Pijana dyrektorka prowadziła lekcję w warszawskiej szkole
6 czerwca około południa policjanci otrzymali informację od anonimowej osoby o tym, że w jednej ze szkół podstawowych na Ursynowie dyrektor tej placówki może być pod wpływem alkoholu. - Funkcjonariusze niezwłocznie udali się na miejsce. Rzeczywiście potwierdzili ten fakt, wykonując badanie na zawartość alkoholu - poinformowała Kołdys.
Zaznaczyła, że obowiązki przejął wicedyrektor placówki. - Dyrektor placówki dostała wezwanie do stawienia się u nas na komendzie i prowadzone jest postępowanie o wykroczenie z art. 70 kodeksu wykroczeń (wykonywanie czynności przez osobę do tego niezdolną - red.) - podała Kołdys.
Dodała, że dla osoby, która wbrew obowiązkowi zachowania trzeźwości znajduje się w stanie po użyciu alkoholu, kodeks wykroczeń przewiduje karę aresztu albo grzywny, ale o tym zdecyduje sąd.

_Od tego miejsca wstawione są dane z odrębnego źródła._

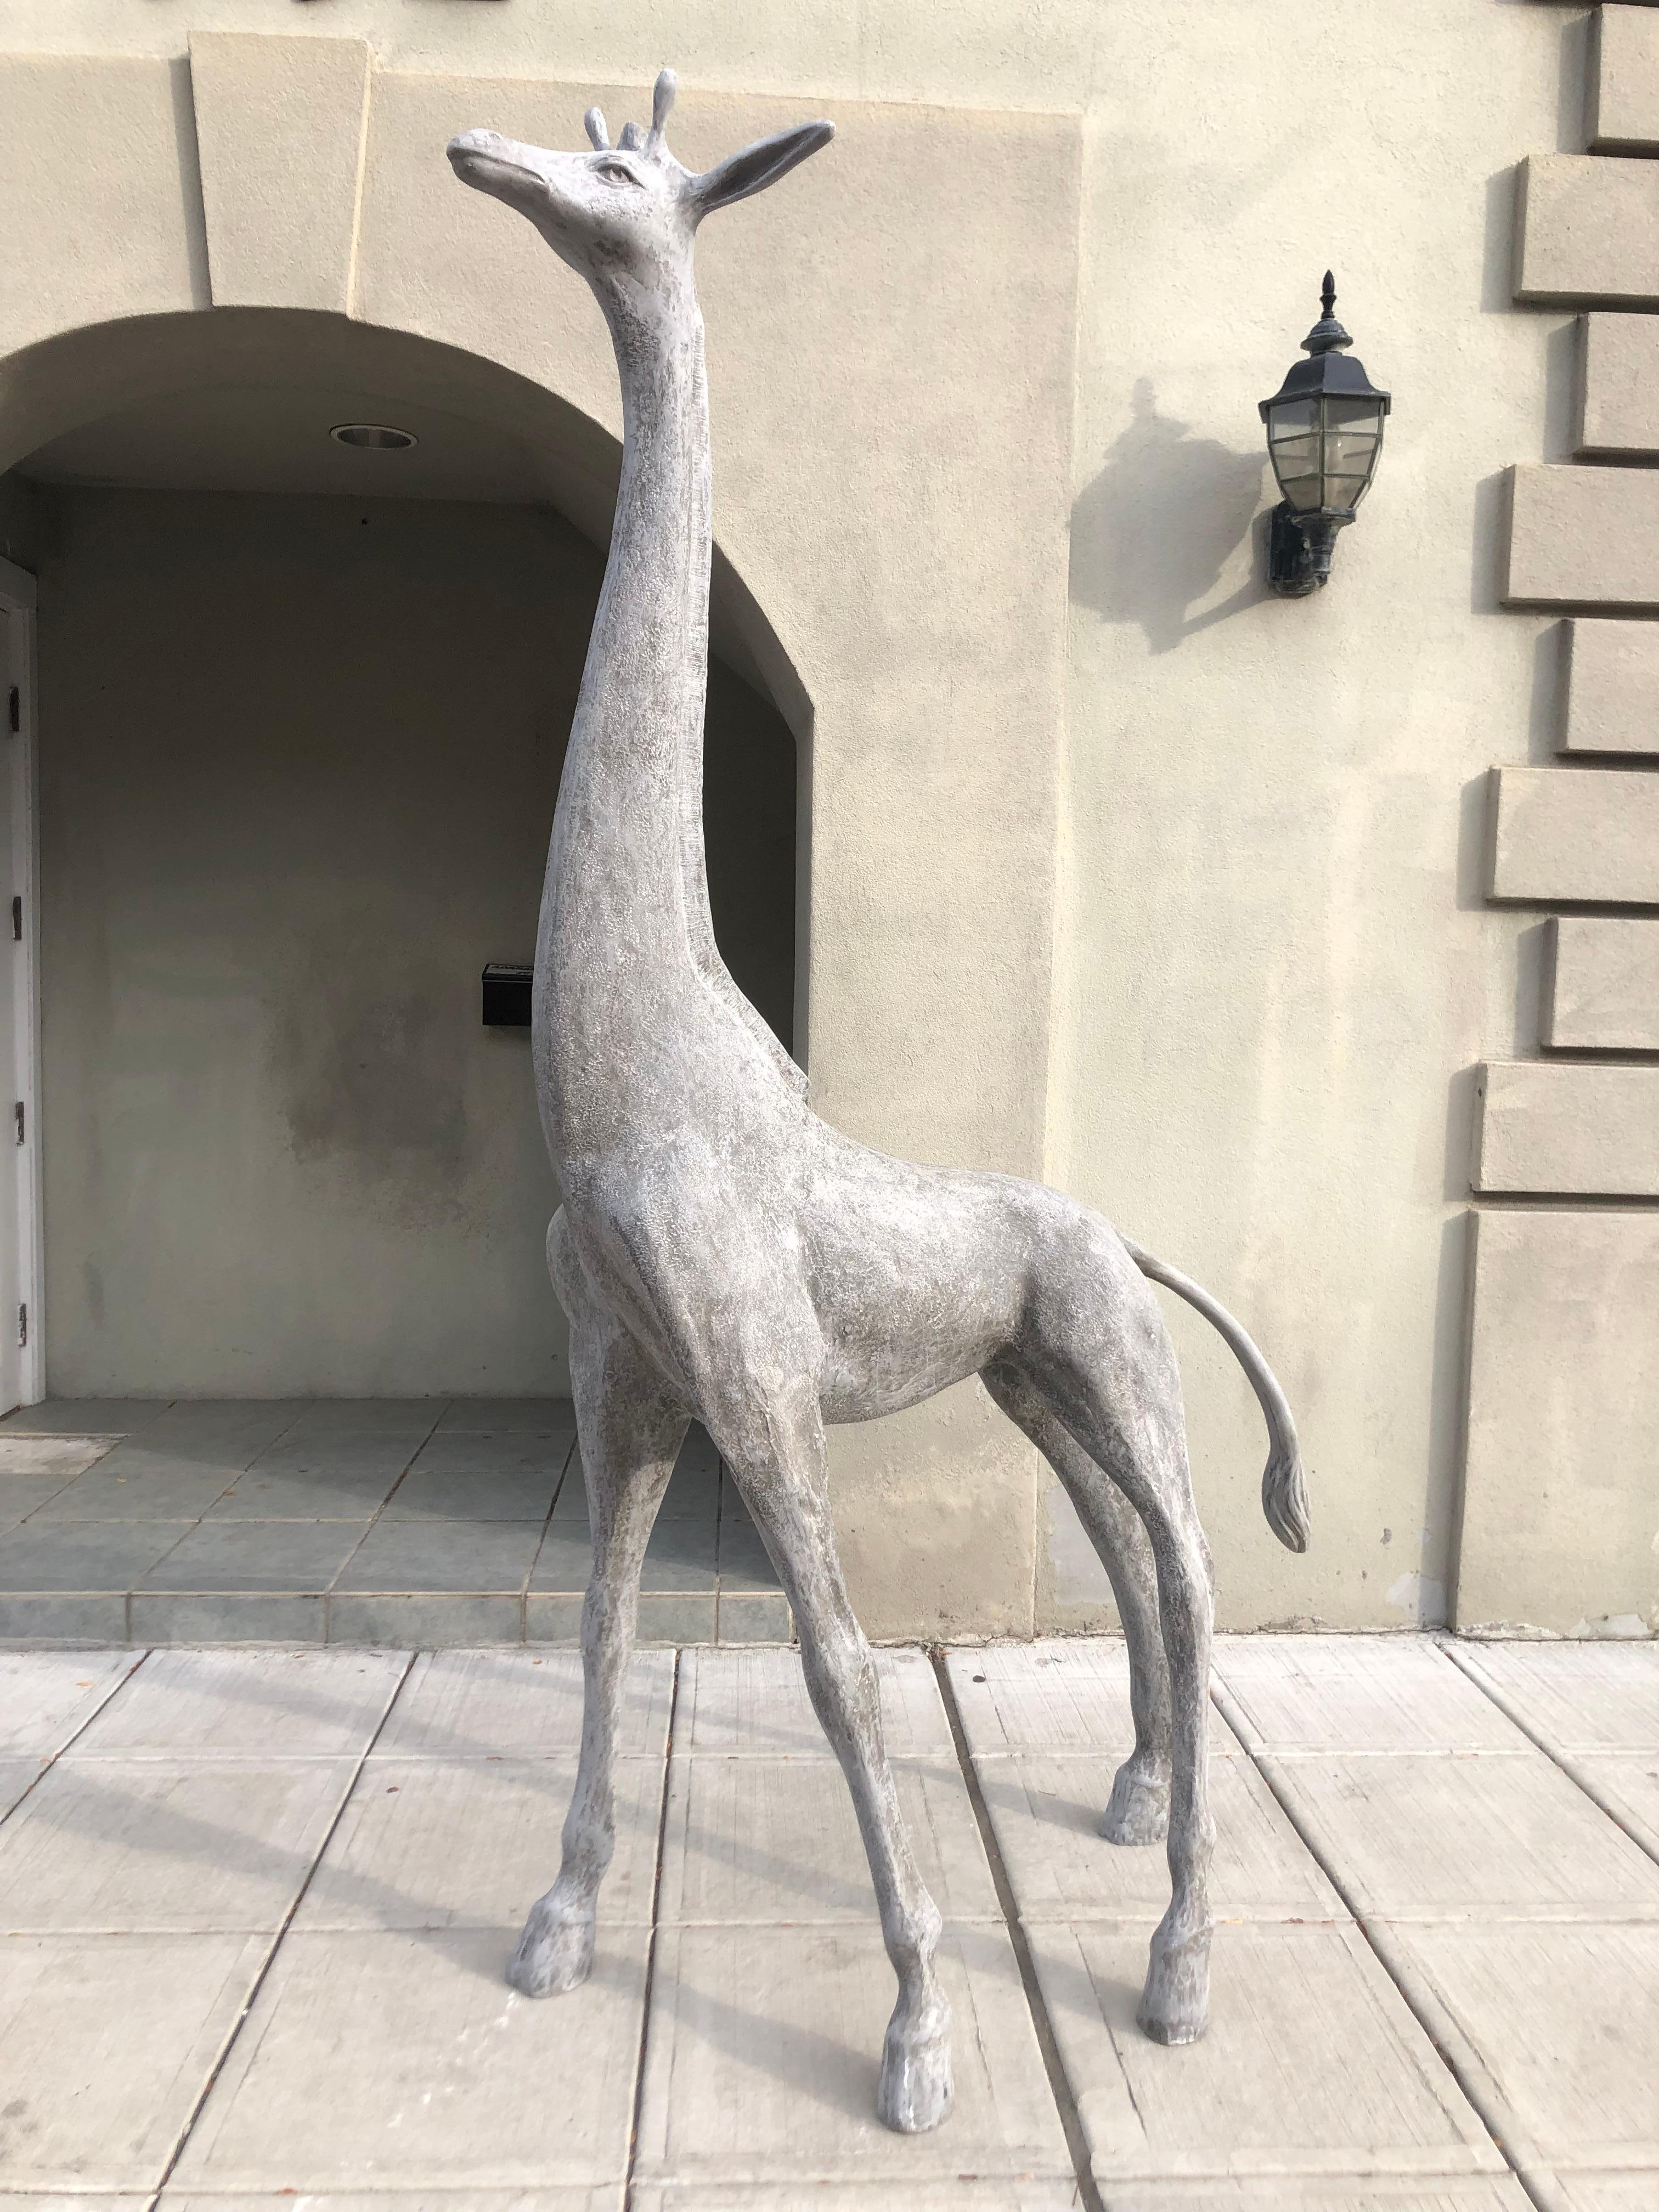 Fiberglass giraffe made of a very durable fiberglass which will withstand the elements. A fun piece to own which looks great in a yard or garden. I have one standing in the garden for the last 15 years and I love it one of may favorite animals.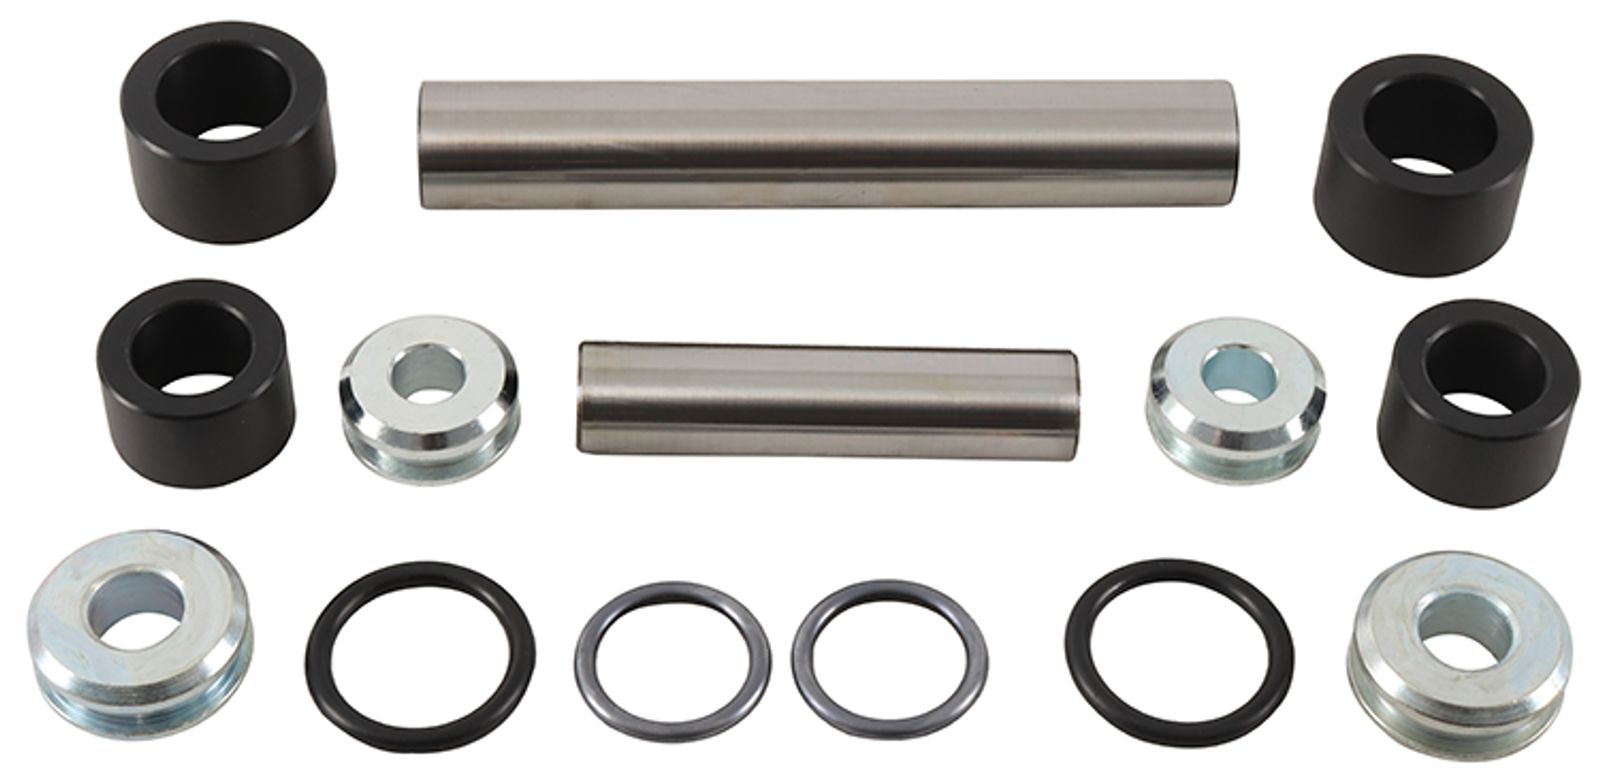 Wrp Rear Ind. Suspension Kits - WRP501216 image

O sprawie jako pierwszy poinformował lokalny portal haloursynów, który przekazał, że dzielnica po otrzymaniu dokumentów od policji potwierdzających interwencję w szkole i stan nietrzeźwości dyrektorki przekazała sprawę do Rzecznika Dyscyplinarnego dla Nauczycieli przy wojewodzie mazowieckim, który prowadzi postępowania wyjaśniające wobec zarzutów stawianych dyrektorom szkół oraz nauczycielom.
Dyrektorce grozi dyscyplinarne zwolnienie z pracy, nagana czy wydalenie z zawodu nauczyciela. Orzeknie o tym komisja dyscyplinarna.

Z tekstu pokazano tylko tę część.